How Do You Maintain a Tidy House with Kids?
You don’t! Pahahahahha. But seriously, this topic has been quite a challenge for me. Thankfully, I’ve learned some tips over the past 7 years of parenting.
Cleaning your house can seem like such a daunting task.
I read somewhere that a cluttered home leads to a cluttered mind. Clutter bombards our minds with excessive stimuli which distracts us and pulls s away from what our focus should be on. That makes so much sense! Clutter stresses me out and makes me feel like I have ADHD because I’m so over-stimulated with endless to do lists, things to clean, and children asking me for things every 5 seconds.
I wanted to share some tips that have saved my sanity time and time again. Before I start, I want to clarify that I did say tidy, not clean. My home is far from perfect, but I’m not gatekeeping these fabulous tips from you all because they have made a huge difference in my life.
Tips for parents to help keep your home tidy with kids:
1) Declutter: This was SO HARD for me in the beginning. My mind set was that everything has a reason and a purpose. “I can use this one day.” It took me a long time to jump on this band wagon. Even when Marie Kondo on Netflix was popular and everyone was saying “Does this bring you joy?” I was not buying into it.
Let me tell you something. I was wrong. Decluttering is SOO FREEING. I have been having these “nesting” episodes at least once a month where I start making piles such as “good will,” “give to a friend,” “bring it to work,” and “throw it away.” This has helped me TREMENDOUSLY and I cannot recommend decluttering enough. It really helps to stay organized, decrease stress, and increase happiness in my opinion. Even my husband gets excited when I go into my decluttering mode.
2) Limit What you Bring In: This speaks for itself, but it’s an important factor in order to prevent the clutter.
3) Discard & File Children’s Art: Now, I’ll probably get some push back on this one, but you don’t have to keep every single scribble that your toddler draws on. I did as a new mom of course, which had me drowning in artwork. Now, I have a container for each child with a folder for each age/grade. I keep the most important items in this bin for each year. Sometimes we display things art but often it goes straight into the bin. This has been a huge mom hack for me for sure. You can find these types at Office Depot, Target, Walmart, and more.
4) Keep Those Kids Outside! I have two young boys, ages six and three. My kids are wild and they make a mess. One solution is to keep them outside. Let them play in the sand, swing on the swings, play kickball and catch, etc. When we are outside, the kids are free to be wild, we are keeping them away from screens, they are getting their energy out, and they are not making my house a mess.
5) The Bin Method: I’ve seen other people do this really well. They switch out toys once a month or however often to keep the children interested. This also prevents the overwhelm of too many toys for their little brains and helpful for momma too.

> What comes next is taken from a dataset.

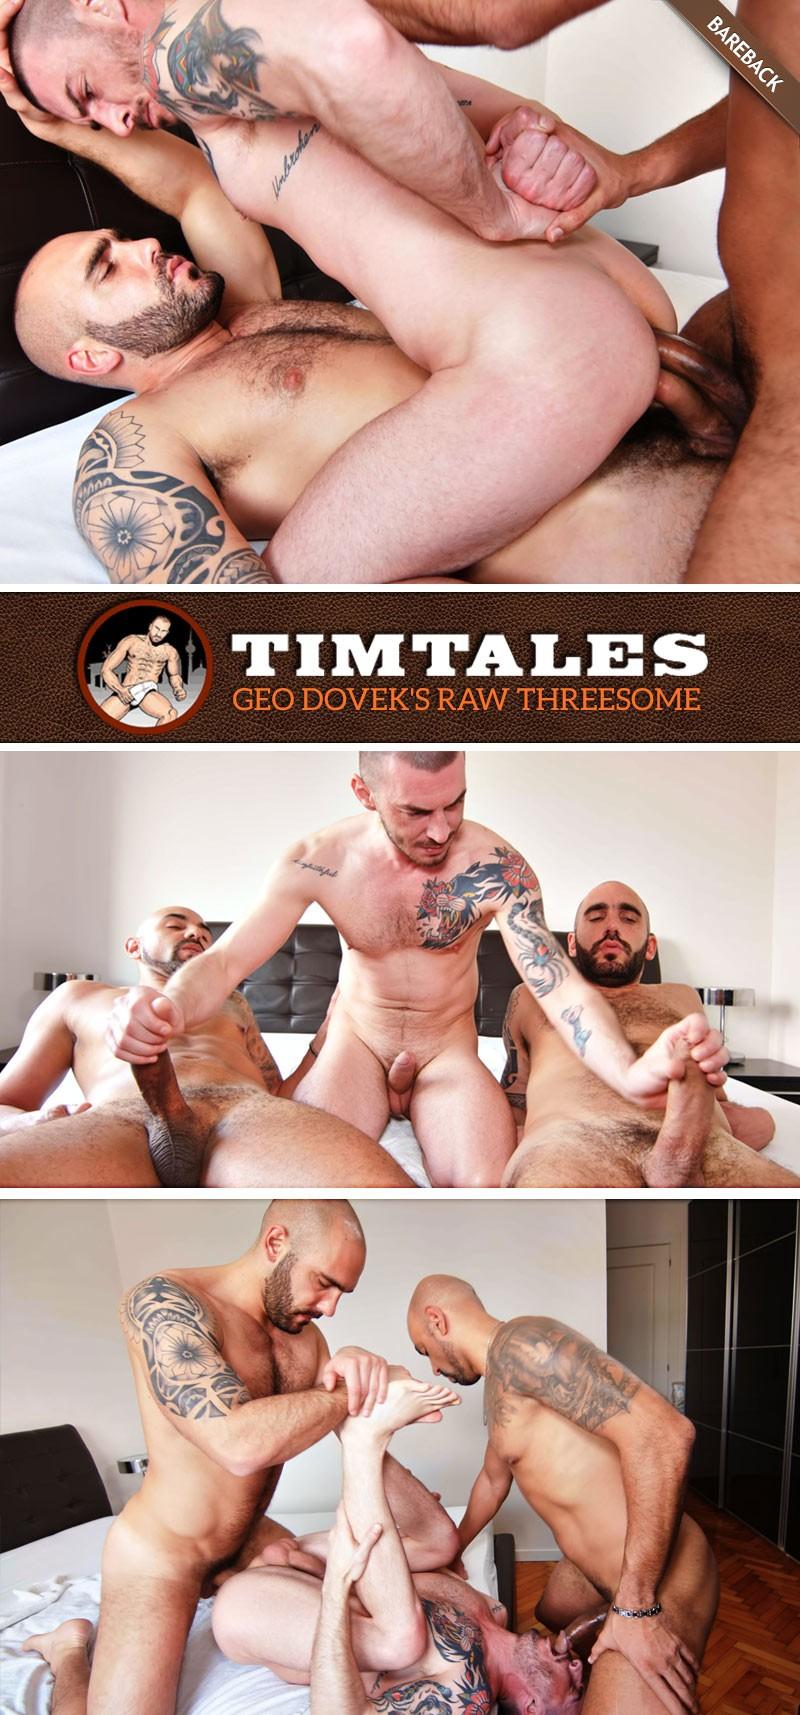 TimTales - Geo Dovek's Raw Threesome with Adam Sahar and Francisco Sants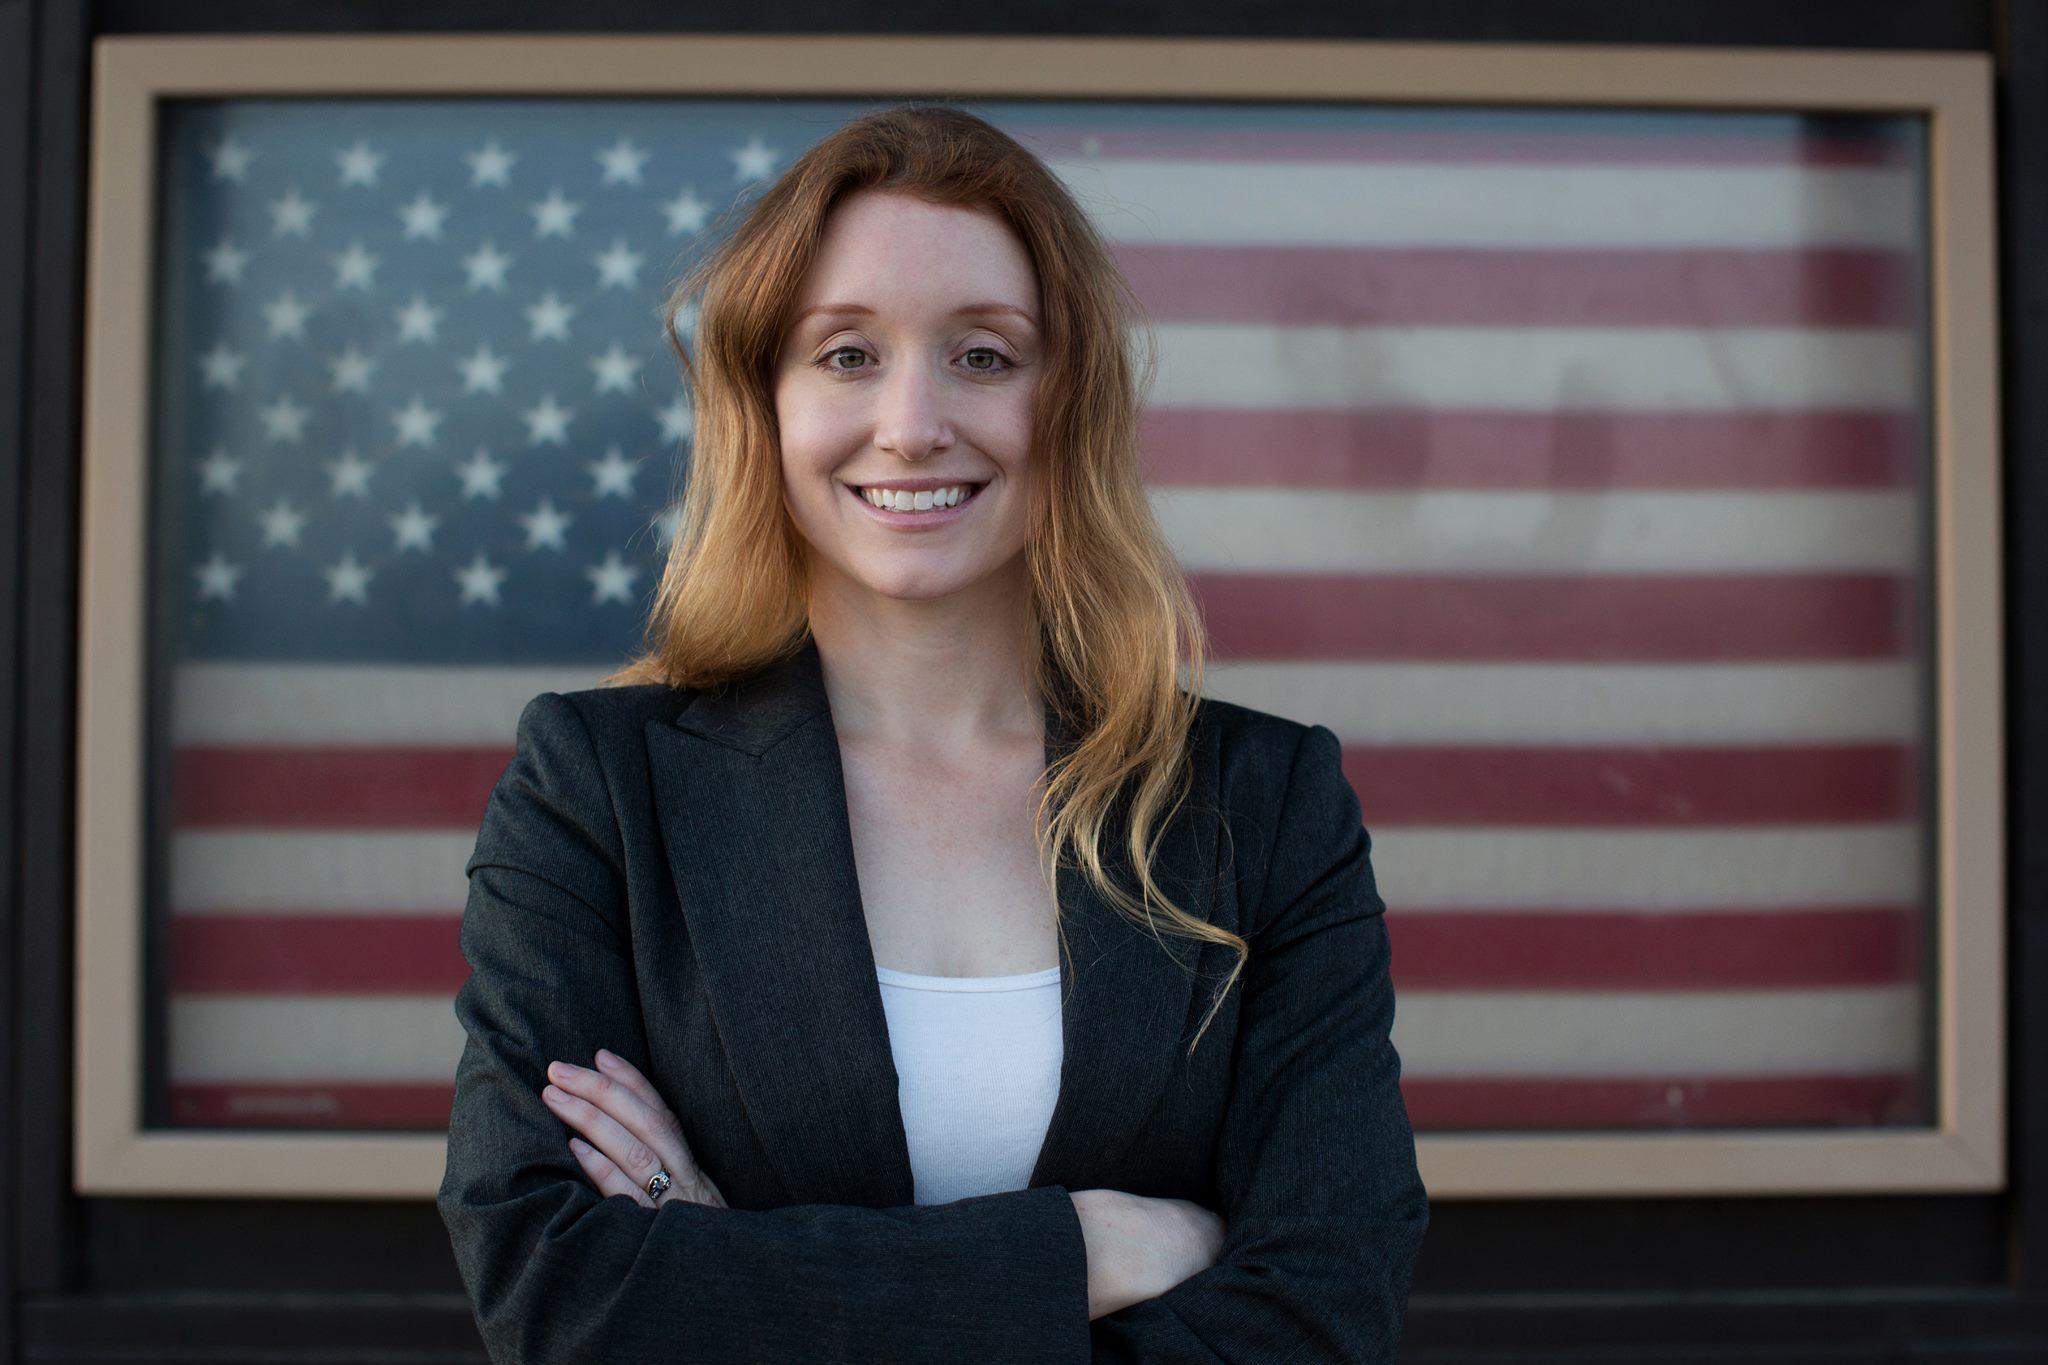 Volcanologist Jess Phoenix Talks Science, Politics and Star Trek Values

Tips to get the kids to tidy up:
1) Routine: I highly recommend a morning routine and a bedtime routine. They work. For example, if you randomly ask a child to clean their room, they may say “aw, I don’t want to.” However, if the child cleans their room every night before bed, then it’s just a habit. It’s a routine that is not a big deal or a fight. Maybe an order child cleans their room on Friday afternoons because they know they have to clean their room before going to a friend’s house. This is also a part of setting expectations. We don’t always follow a routine, but our life is so much smoother when we do.
2) Visual Schedule: My children thrive on a visual schedule. It includes basic tasks such as homework, play outside, dinner, baths, read, brush teeth, bed. We look at the schedule to see what we have completed and if we forgot anything or what comes next. This creates the idea that these are the rules and it decreases the frustration and battle of I don’t want to do it. It also decreases Mommy having to repeat herself a million times. This can be interactive where they help decide the routine and velcro the pieces on. Visual schedules can be found on Amazon here. Or you can just print it out at home and make one with cardboard, scissors, paper, and Velcro/tape.
3) Ask Nicely: When my three year old was two, he was in the no phase. It was an automatic no without even processing the question. He’s learning that he has rights and feelings and emotions that matter and he has some control over what he wants to do. If I look him in the eyes and ask nicely with my sweet eyes, then he smiles and says ‘oh, yes!’ and proceeds to do the task that I have asked of him. When that doesn’t work, I make it fun with intonation and excitement in my voice. Instead of “let’s go take a bath,” I might say “Let’s go play car wash in the tub. We’re going to clean our cars and clean our bodies.”
4) Beat the Clock: Before baths, try the beat the clock game to see if we can clean up our toys in a set amount of time to get a sticker. Some people say a minute per year of life. So a 3 year old could have a 3 minute timer.
5) Clean up Prize: Of course you can do sticker charts or rewards, however, there is a unique twist to this game. Mom picks a specific toy. Whoever picks up that specific toy is the winner. This puts a fun spin on clean up time.